From living in halls last year, I moved back home, as I am only a short distance away from Manchester so it is easy enough for me to commute having an adapted Motability car. Another reason for me living at home is that a major challenge is coming up in my life next year! In January I am moving to Rotterdam in the Netherlands to study abroad as part of my degree, I could not be more excited to move over there and the university over there has been great in reassuring me that all the relevant support will be put in place. Surprisingly they told me I would be the first disabled exchange student they had ever received which I think makes them more anxious to get things right. I am not complaining! A member of staff is even going around the campus in a wheelchair to note down all the things they have difficulty with before my arrival. This will be a new chapter in my life and bring a whole new meaning to ‘independence’ but I am more than ready to take it on!

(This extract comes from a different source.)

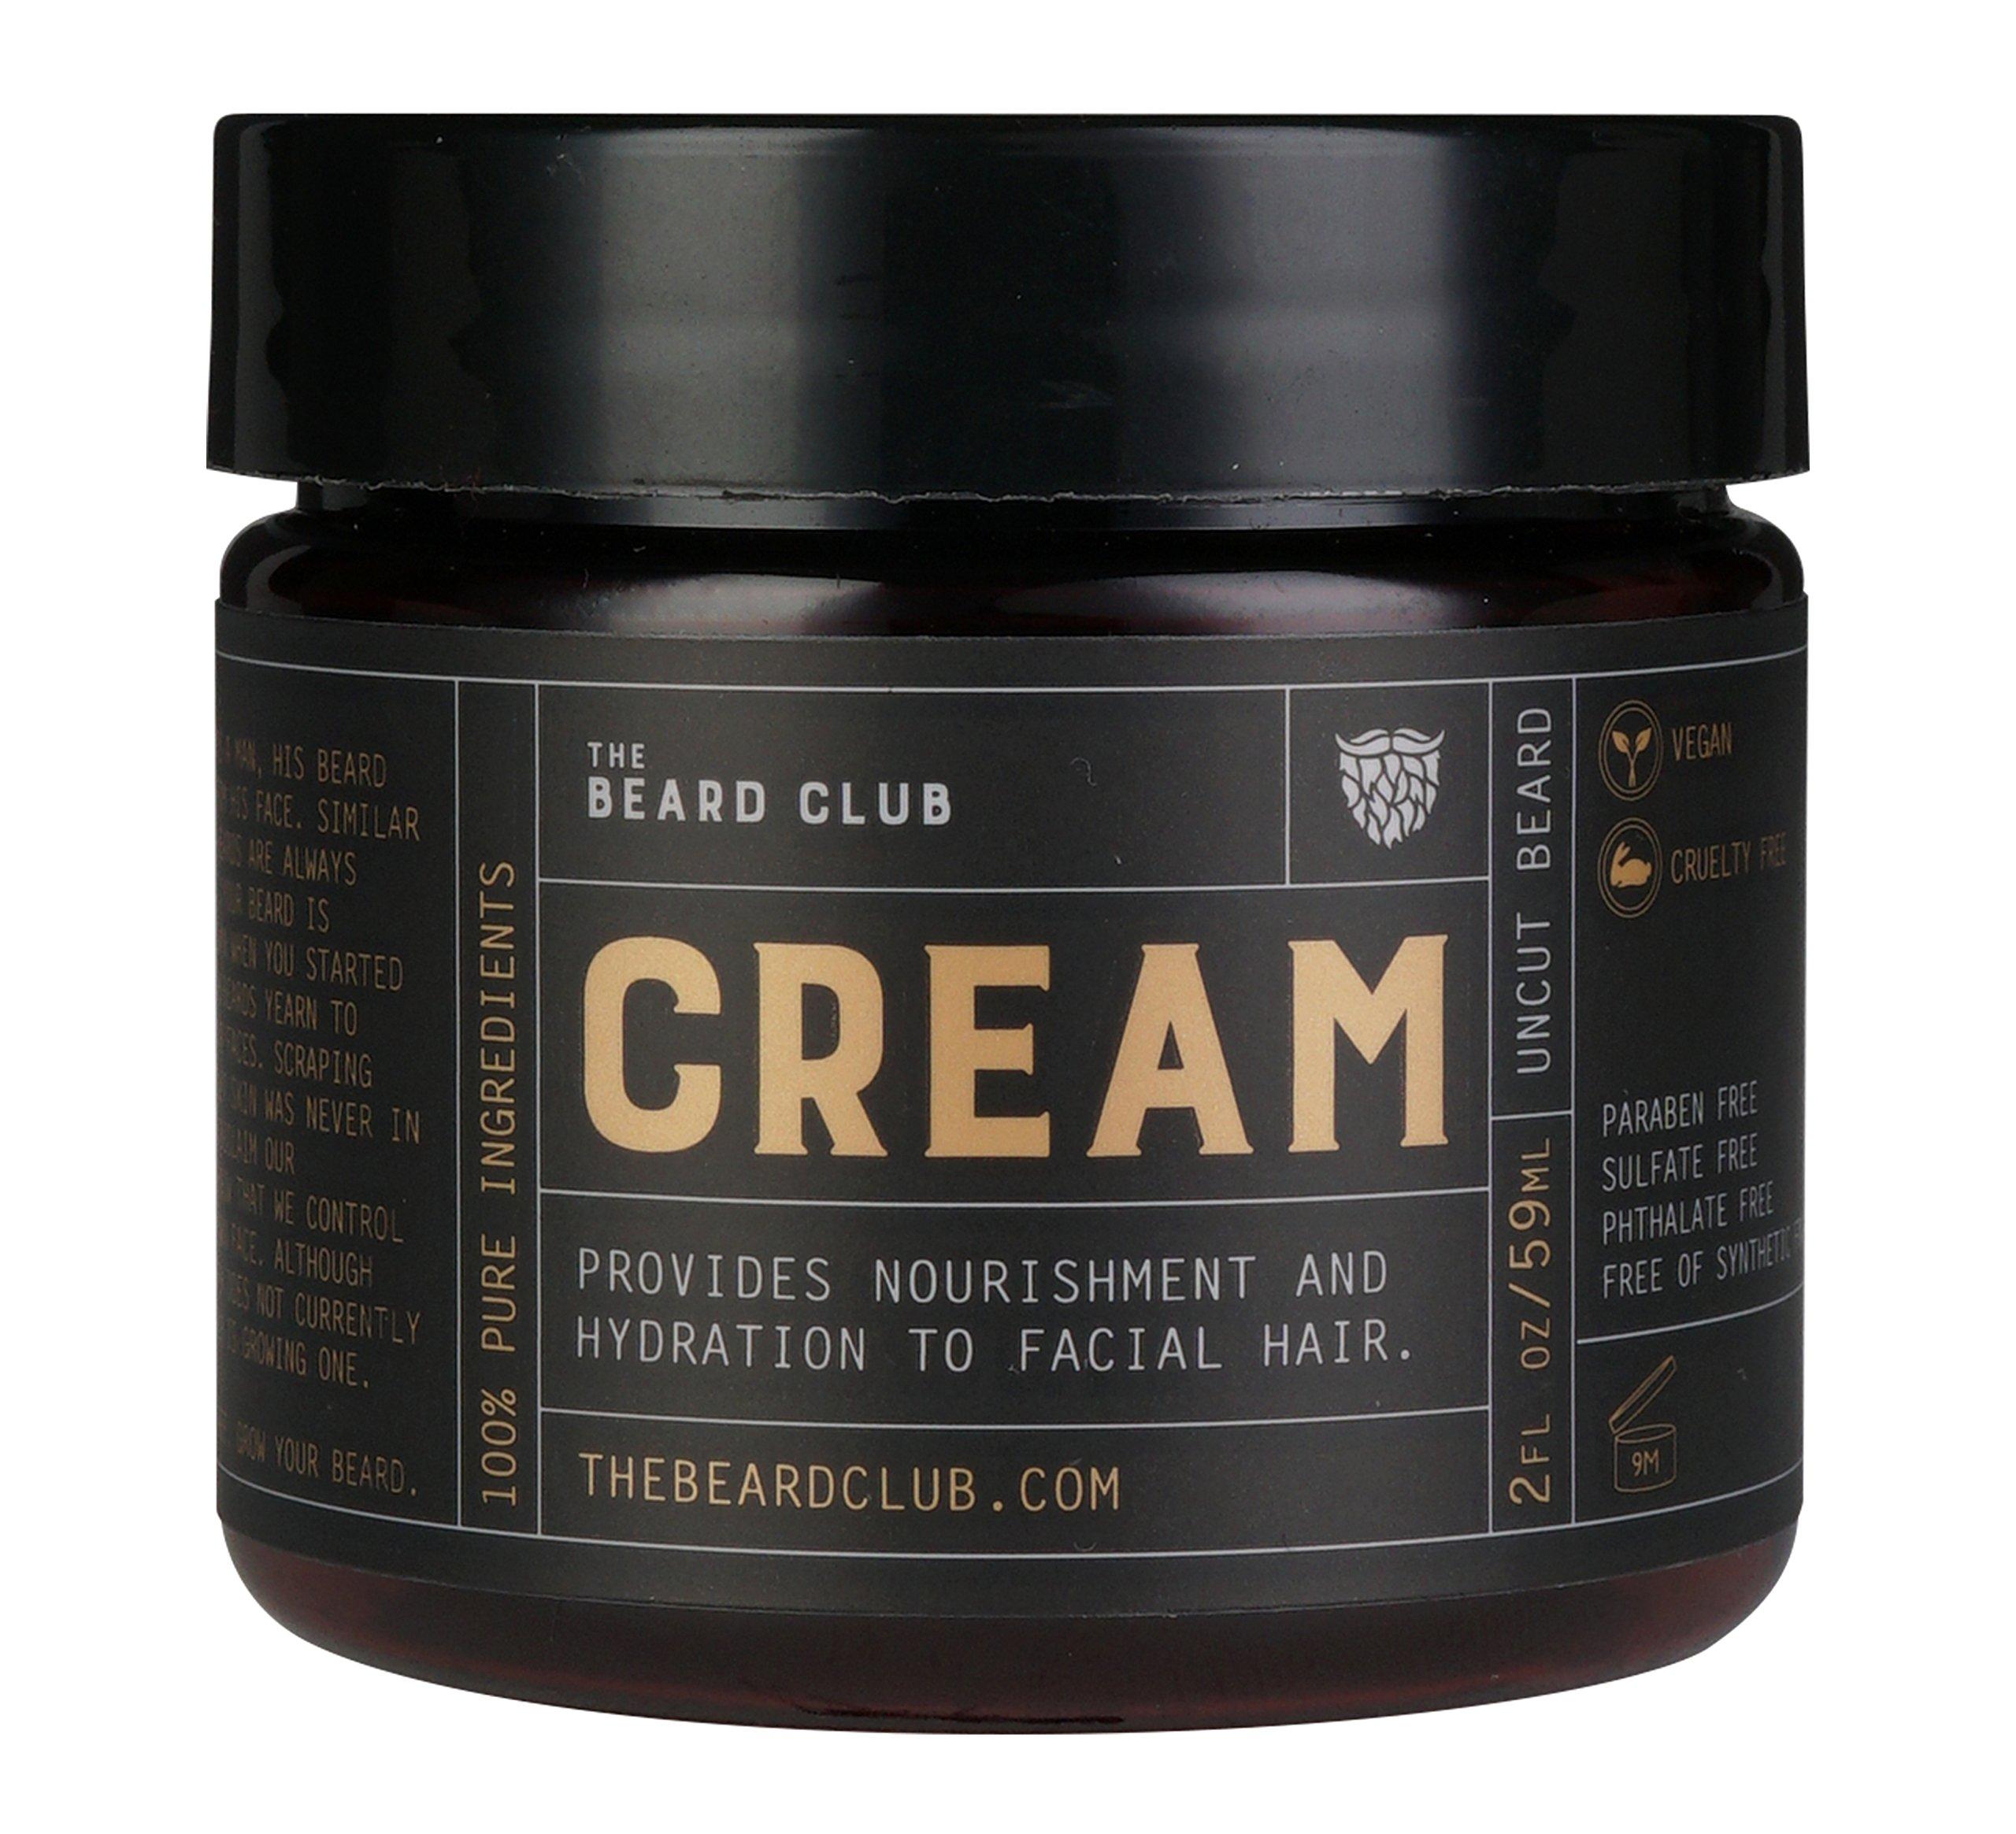 Original Beard Cream | The Beard Club | Moisturizing and Hydrating | Healthier Facial Hair &
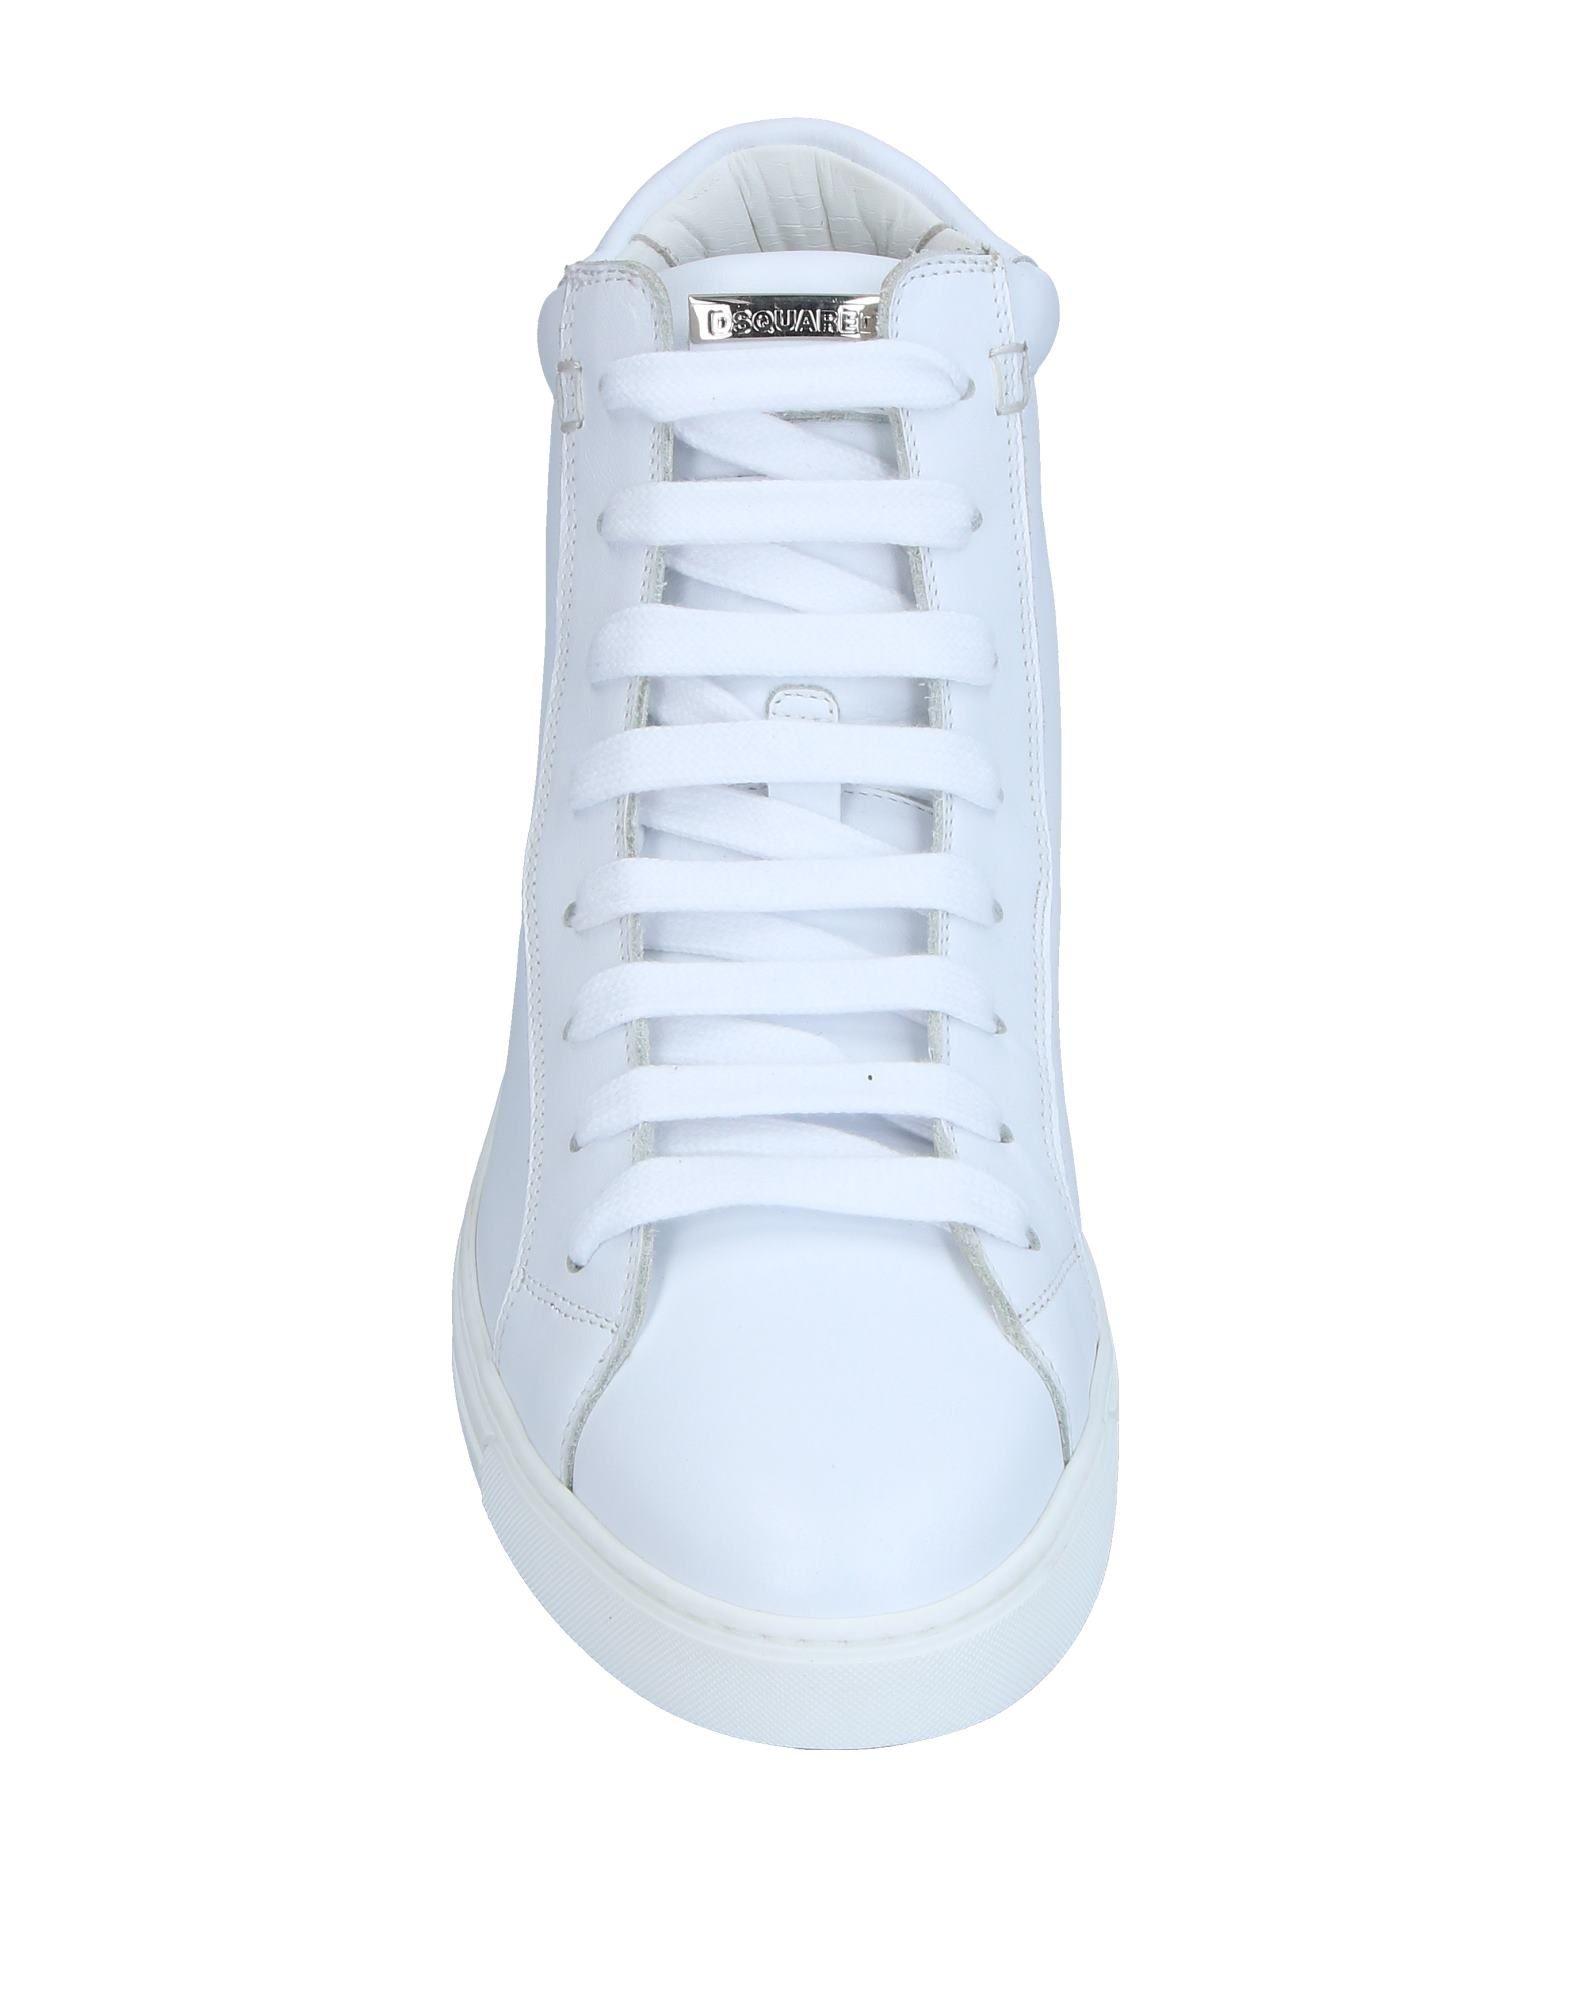 Dsquared2 Sneakers Qualität Herren  11297796EM Gute Qualität Sneakers beliebte Schuhe 832a07

Recently, I have changed Physio from private back to NHS funded again. I’m sure I’m not alone in this, me and physio have a love hate relationship and even though it’s a necessary part of having CP we all know that as young people we have more interesting things we would rather be doing that boring exercises! From moving into adult services, I did have a short break as I found it difficult to adapt to making my own appointments and committing to getting there by myself after so many years of having those things done for me. But now that I have begun to understand my body and the dodgy things it does a lot more and I made the decision to get back into it! At first under a private physio, it was great but to be honest paying £35 every two weeks for a student was becoming a bit pricy! My doctor couldn’t have been anymore efficient in referring me to a local NHS funded physio that is going brilliantly. He is keen to give me an intense program before I swan off for 6 months!
I tweeted a couple of days ago about my new splints that I had made, they are surprisingly comfortable considering I haven’t broke them in much… More importantly, they are BLACK! Which means they match with my leggings and jeans and don’t stand out as much as the horrific white ones I have been given my entire life! They simply look like knee high boots[Symbol] it does baffle me how no one told me I could get black splints before, but this is all part of growing older with CP and being aware of making your own decisions without your parents and knowing the different options that are available to you. I’ve found recently that I am the one asking questions now, even to the point where my Physio felt like he was in a exam during my last session!
I just wanted to put this out there as I am not sure if this is something other people with CP experience, but now that winter is approaching and its getting colder my circulation is becoming terrible! My legs and feet are freezing constantly, I feel like an old woman with the amount of thermal pieces of clothing and heat generating appliances I have! None seem to do the trick completely, but maybe it is down to the lack of flexibility I have, especially in my right foot. (sorry for the boring topic!)
I am going to finish by saying thank you to Ellie for giving me the opportunity to write this blog!